Java print binary number using bit-wise operator [closed]

Question

Hi I am creating a method that will take a number and print it along with its binary representation. The problems is that my method prints all 0's for any positive number, and all 1's for any negative number

private static void display( int number ){

        System.out.print(number + "\t");        
        int mask = 1 << 31;

        for(int i=1; i<=32; i++) {
            if( (mask & number) != 0 )
                System.out.print(1);
            else
                System.out.print(0);


            if( (i % 4) == 0 )
                System.out.print(" ");

        }

    }

I got it: this works:

/**
     * prints the 32-bit binary representation of a number
     * @param number the number to print
     */
    private static void display( int number ){
        //display number and a tab
        System.out.print(number + "\t");

        //shift number 31 bits left
        int mask = 1 << 31;

        //loop and print either 1 or 0
        for(int i=31; i>=0; i--) {
            if( ((1 << i)&number) != 0)
                System.out.print(1);
            else
                System.out.print(0);

            //every four bits print a space
            if( (i % 4) == 0 )
                System.out.print(" ");            

        }
        //print new line
        System.out.println();
    }

Answer 1

You forgot to update the mask:

    for(int i=1; i<=32; i++) {
        if( (mask & number) != 0 )
            System.out.print(1);
        else
            System.out.print(0);


        if( (i % 4) == 0 )
            System.out.print(" ");

        mask = mask >> 1;
    }

Answer 2

The text of the question has been edited numerous times, so it's hard to tell what the question is, but here are some remarks.

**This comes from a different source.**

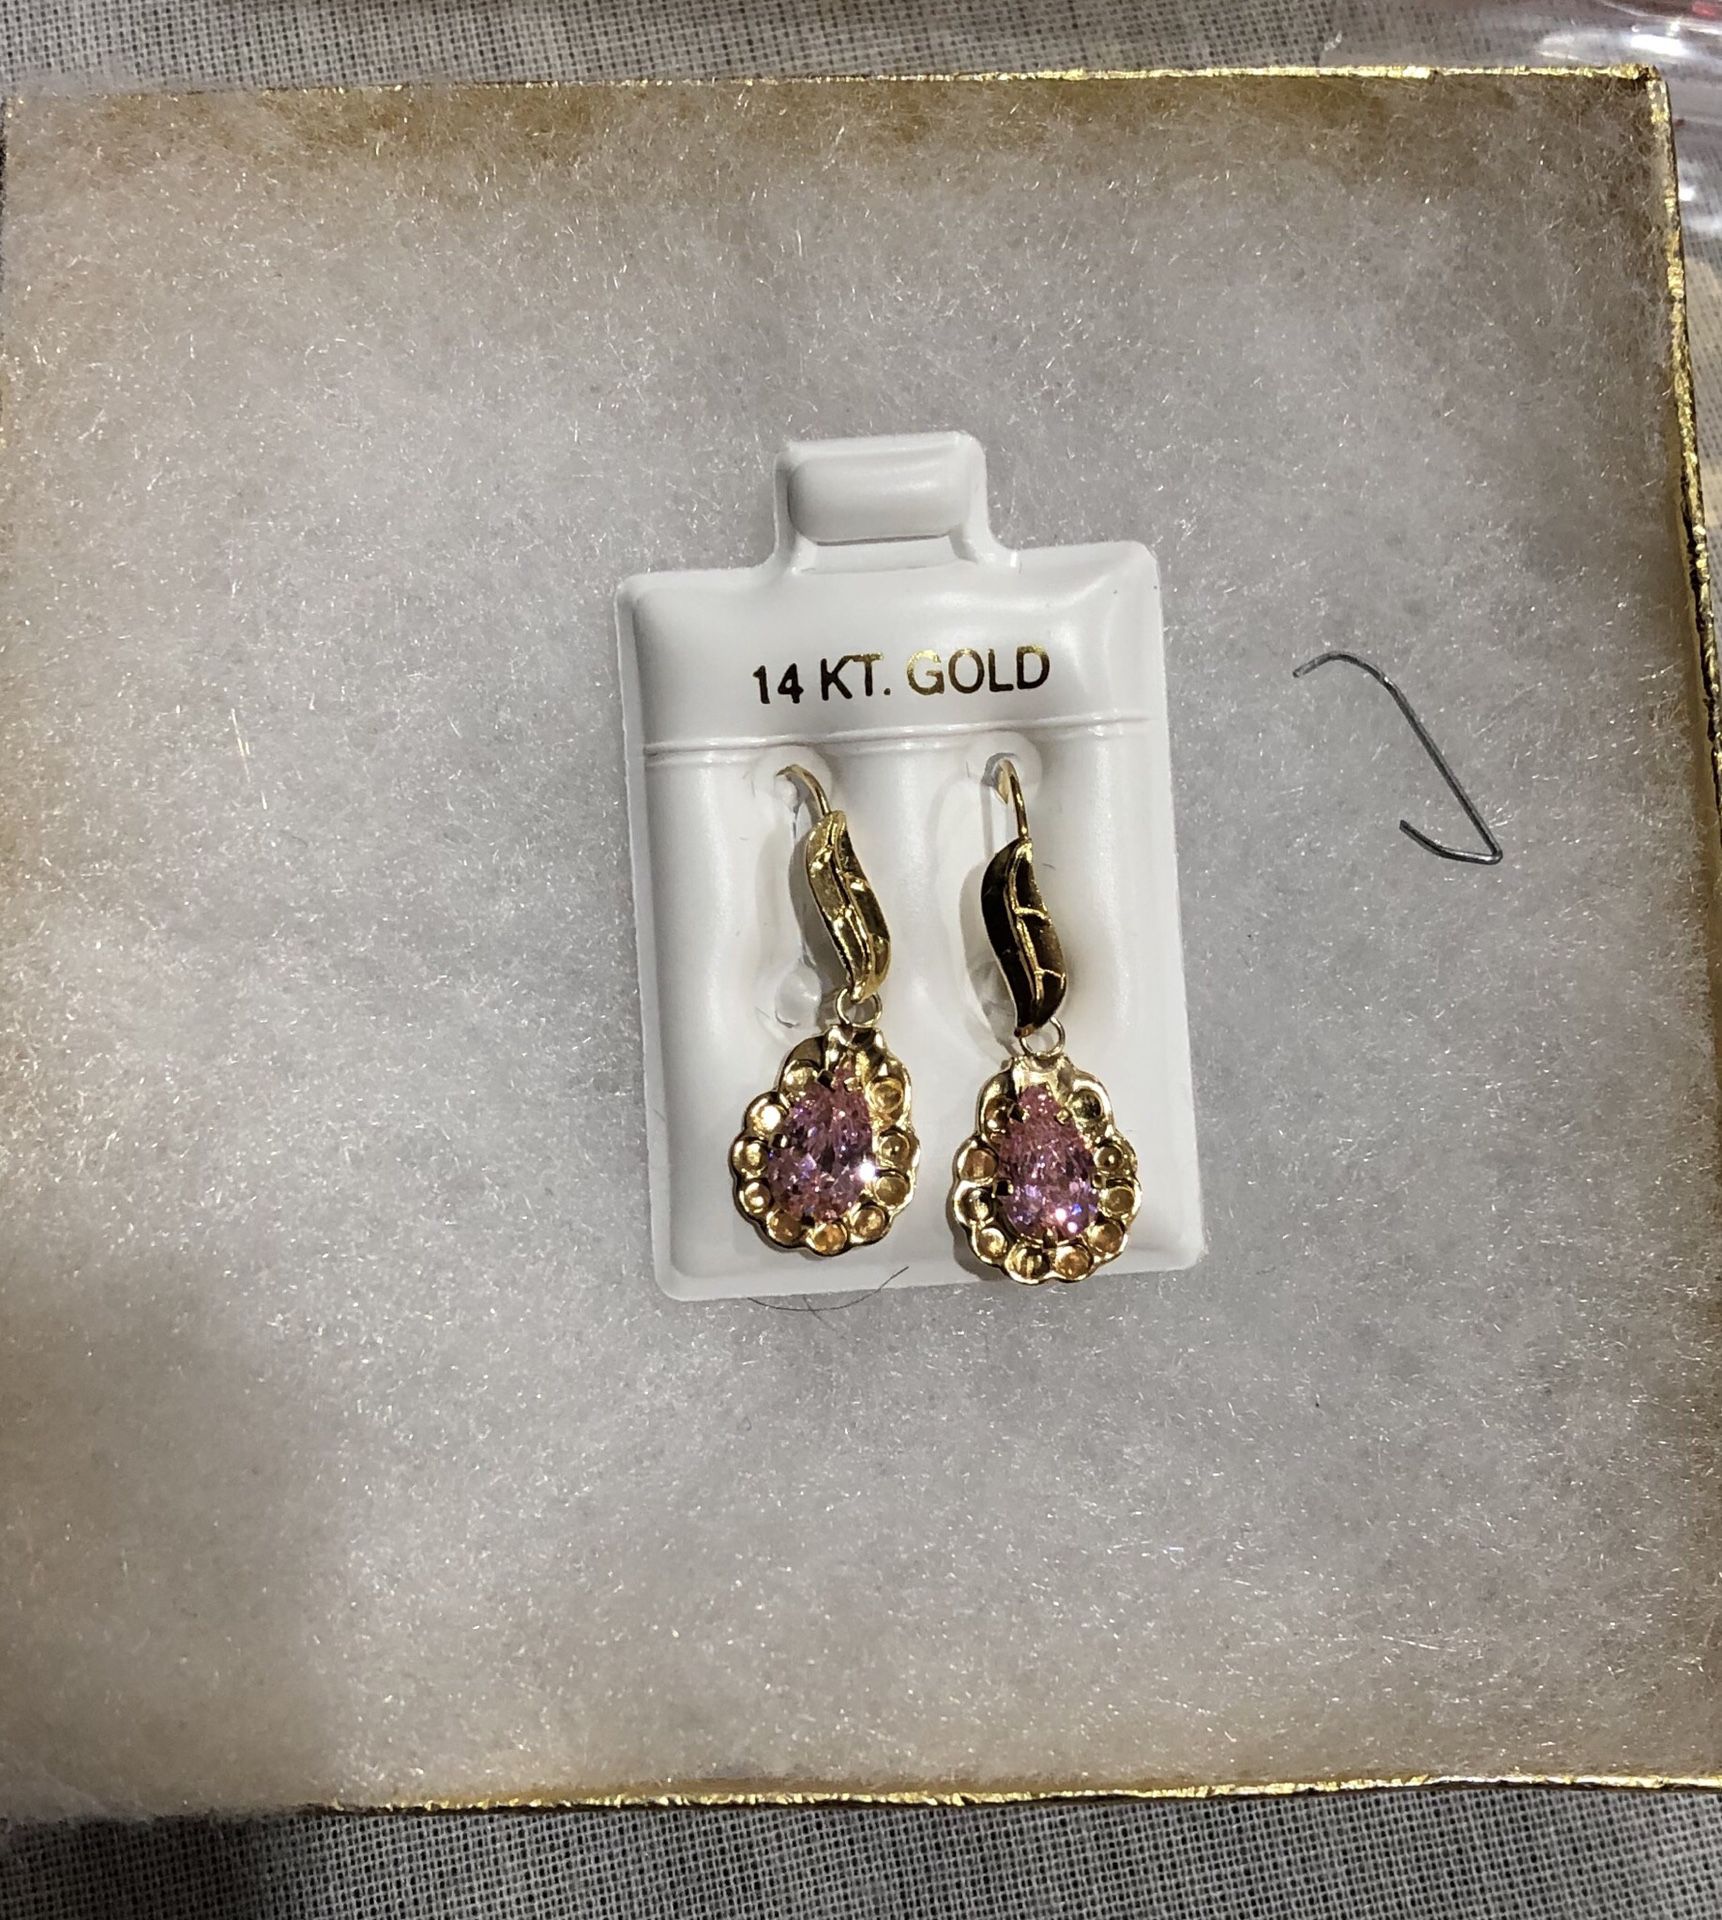 14kt Italian Gold Earrings $75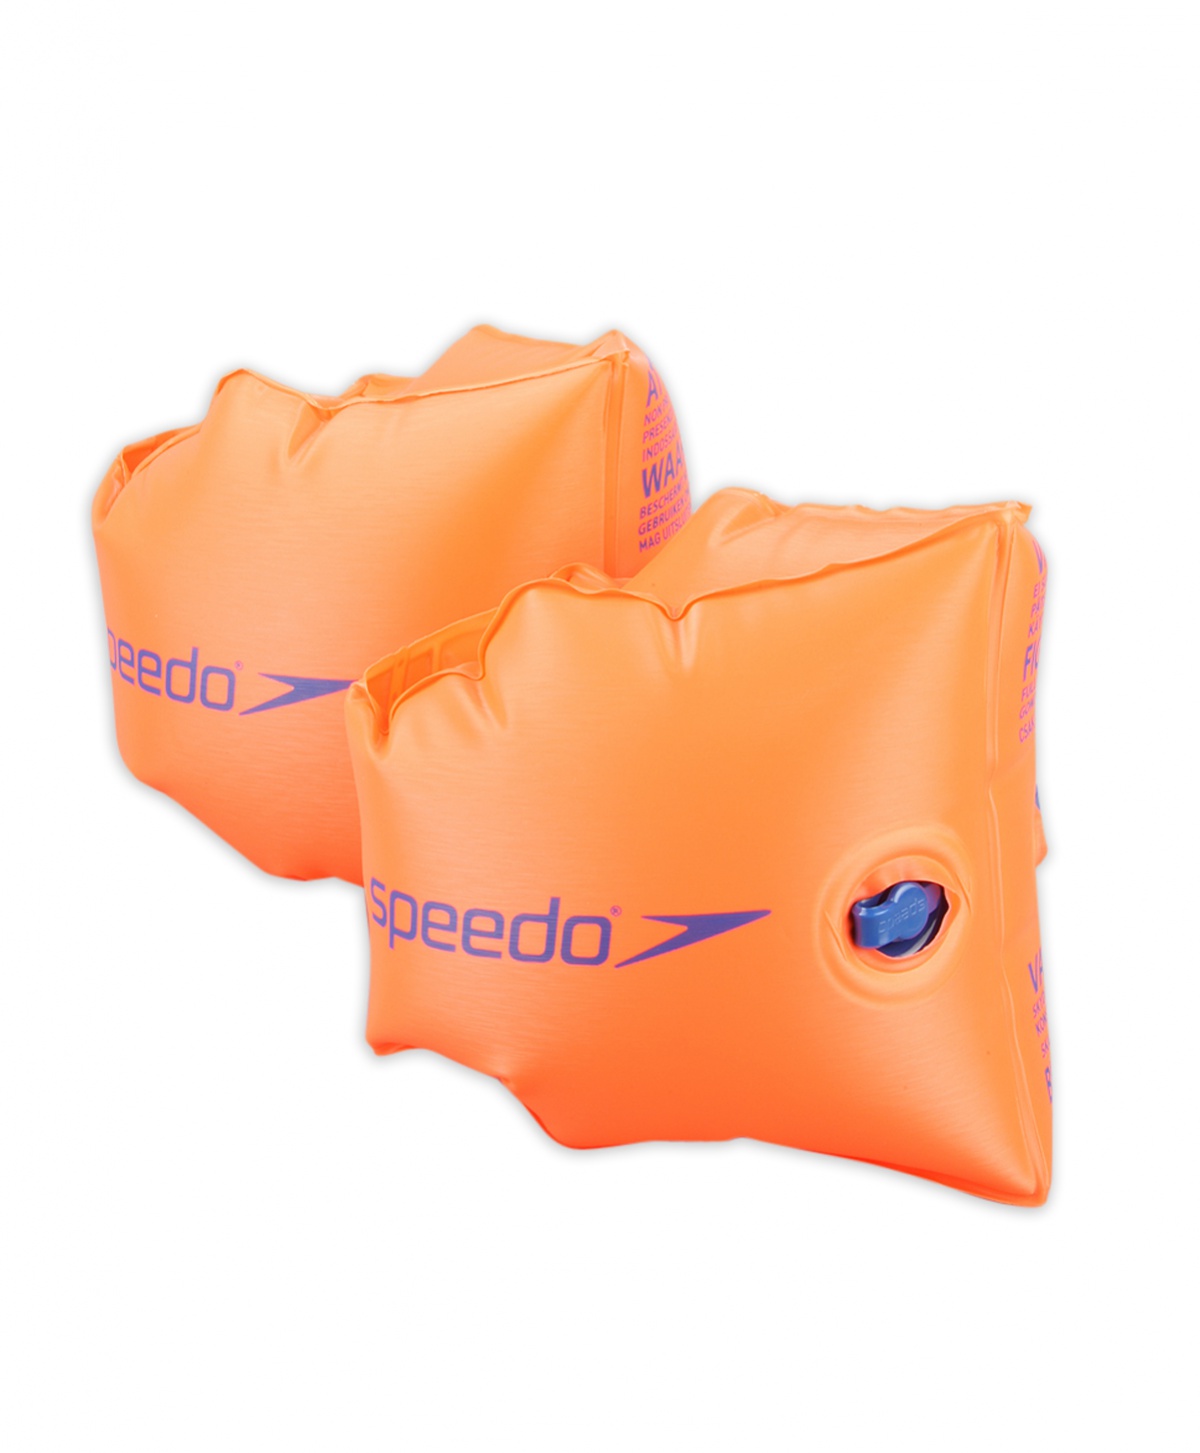 Dětské rukávky Speedo Armbands Orange 6-12 + prodejny Praha, Brno, Plzeň a Ostrava výměna a vrácení do 30 dnů s poštovným zdarma

On signed vs unsigned shift

One revision of the question contains this line:

int mask = 1 << 31;

One answer suggests that what was missing is this line:

mask = mask >> 1;

This actually won't work, because >> is a signed shift, and would result in the incorrect mask value for this purpose (since emptied bits are filled with 1s). Any negative number would be converted to 32 bits, all 1.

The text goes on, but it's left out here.